In 1950, Gerry went to Australia, leaving his wife, daughter Franca, and son Bruno behind in Italy. Gerry travelled to Clonbinane, and the family followed him in 1952. Franca tells the story that “Mum and I cried for months. We hated it there! No people to talk to and no Italian food!”
A baby sister was born in 1952 and for a while the family was split up, before coming together again in Broadford in 1953. Franca got herself a job at the Clothing factory in Broadford in 1953, and Gerry got one at the APM paper mill, where he worked for many years. The family was unable to live together while they were looking for a home, but eventually they found one in Pinniger Street, Broadford.
Today Franca lives in Melbourne and she has family living in Kilmore. Her brother Bruno and sister Alex (Sandra) are both artists. Sandra was a year ahead of Margie Inness at Broadford High School. Bruno has gone on to greater things.

“Bruno Leti (born 1941), is a painter, printmaker, photographer and publisher of artists’ books. His semi-abstract etchings, woodcuts, aquatints, monoprints and collagraphs are well known in Australia through exhibitions and numerous publications.”
“Leti has been exhibiting regularly since the late 1960s in Melbourne, Canberra, Perth, Brisbane, Adelaide as well as abroad, most notably in Chicago, Cologne, Kyoto, Milan, New York, and Washington DC.”
Unfortunately, the list of Bruno’s exhibitions left out one other important site- Broadford Shire Hall in 1967.. In fact, Mitchell Shire owns a Bruno Leti original, which I will try to locate.

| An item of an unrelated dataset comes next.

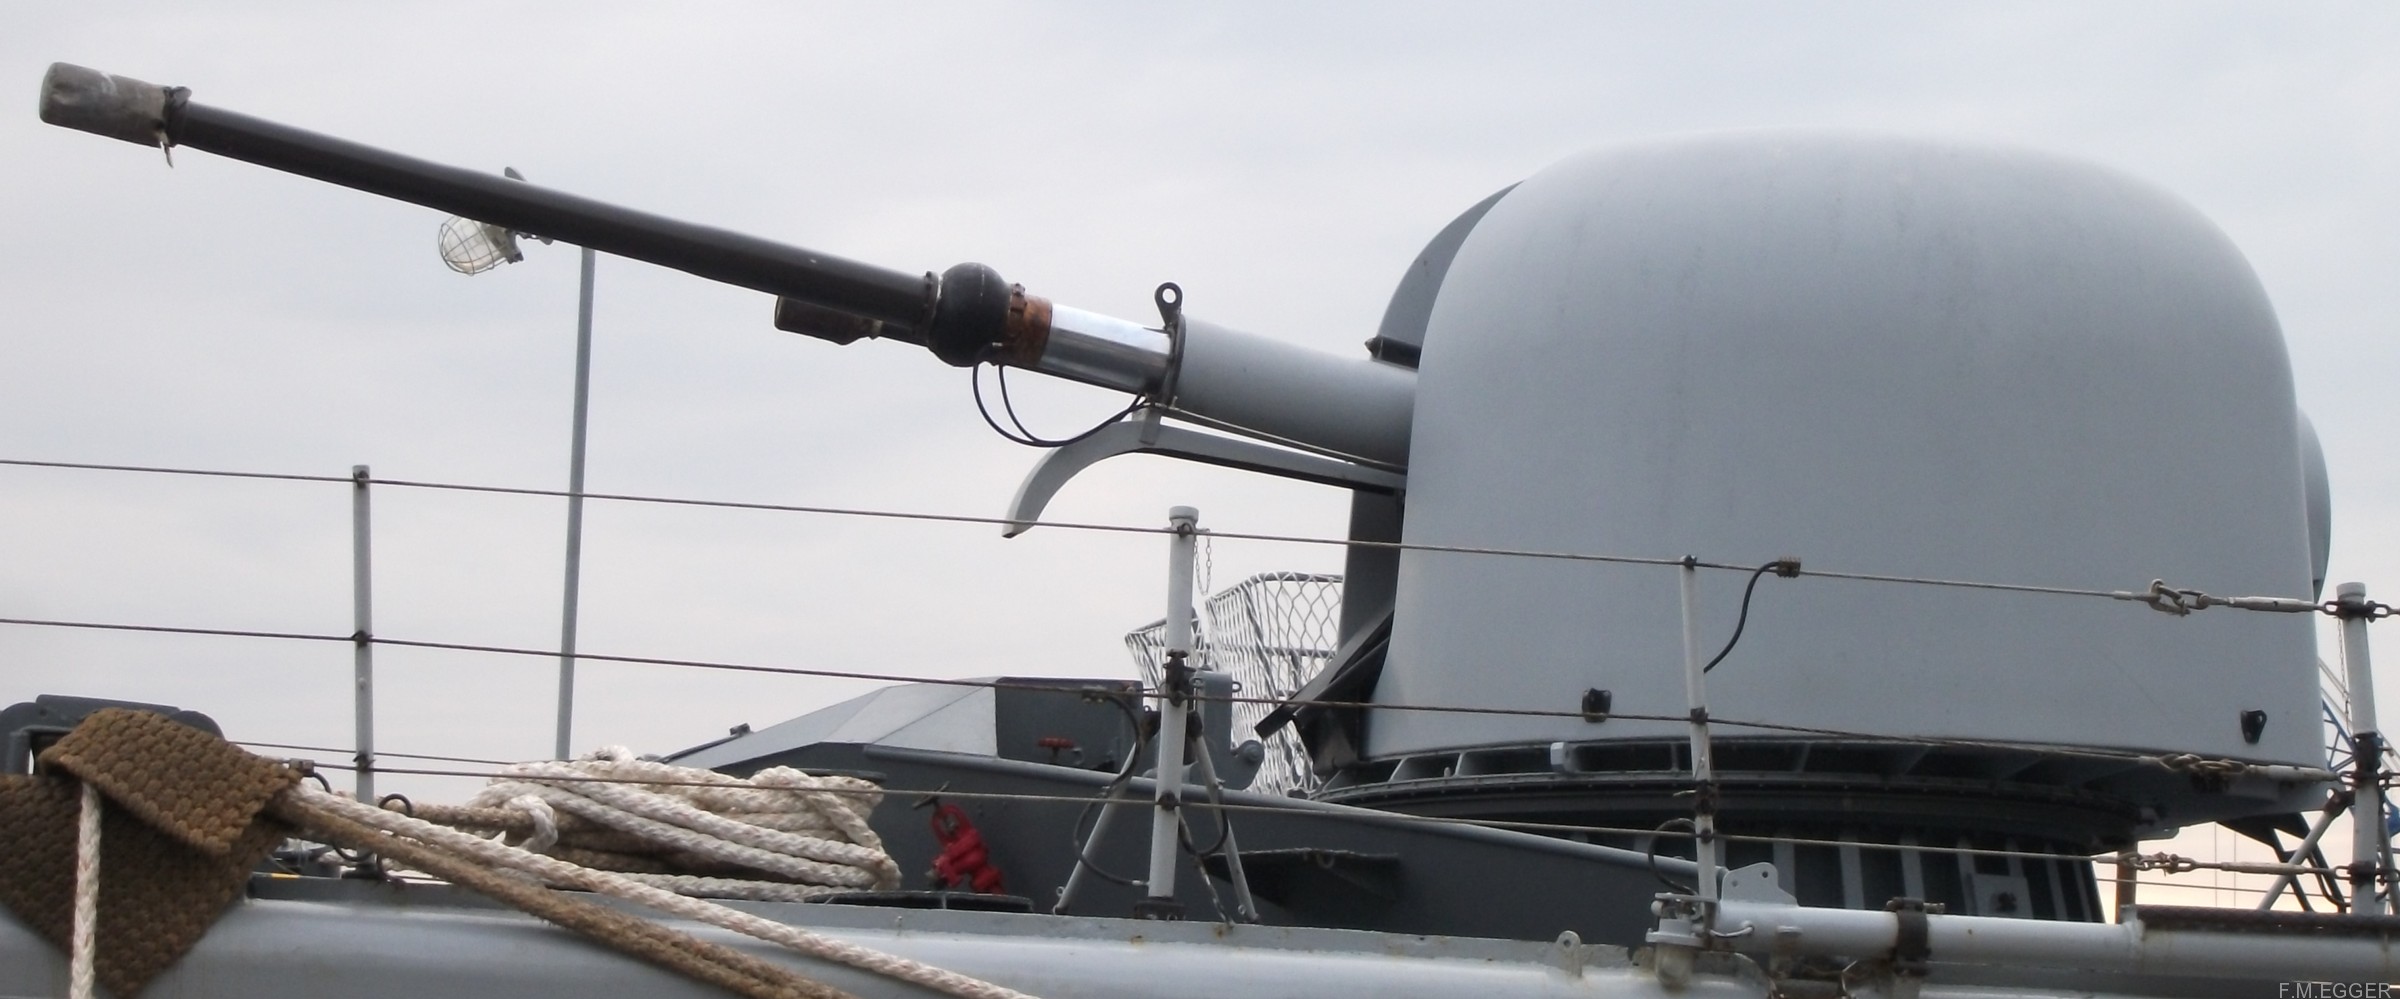 oto melara breda 76/62 76mm 62-caliber 3-inches naval gun super rapid 14

If it’s not on permanent display, perhaps I can get someone to put it out where we can all see it, some time soon. I estimate Bruno is now 81 years old, and he lives in Melbourne.
Several years ago, Cathy Coppinger, a senior teacher at Broadford Secondary School, invited Bruno to address some of their students. Bruno happily agreed, and it was apparently a wonderful and memorable experience for everyone. Cathy remembers him as “a lovely man, and very generous with his time.”
Bruno’s sister, Alexandra, (Sandra) is also a very talented Melbourne-based artist.
Background
How did we become interested in Captain Arthur Jowett?
Thanks go to Jesse from Broadford Alternative School for his work restoring historic items from the Broadford Historical Society.
We have an old pack-saddle from 1915, which we believe once belonged to Captain Arthur Craven Jowett of Clonbinane Park. It was badly in need of some care and attention, and Jesse was just the one to do it for us.
Under supervision from the fellas at Broadford Men’s Shed, Jesse has brought it back to life. The rust has gone, and the leather has been oiled and polished. Captain Jowett would be so pleased to know that is still around and looking like new, almost.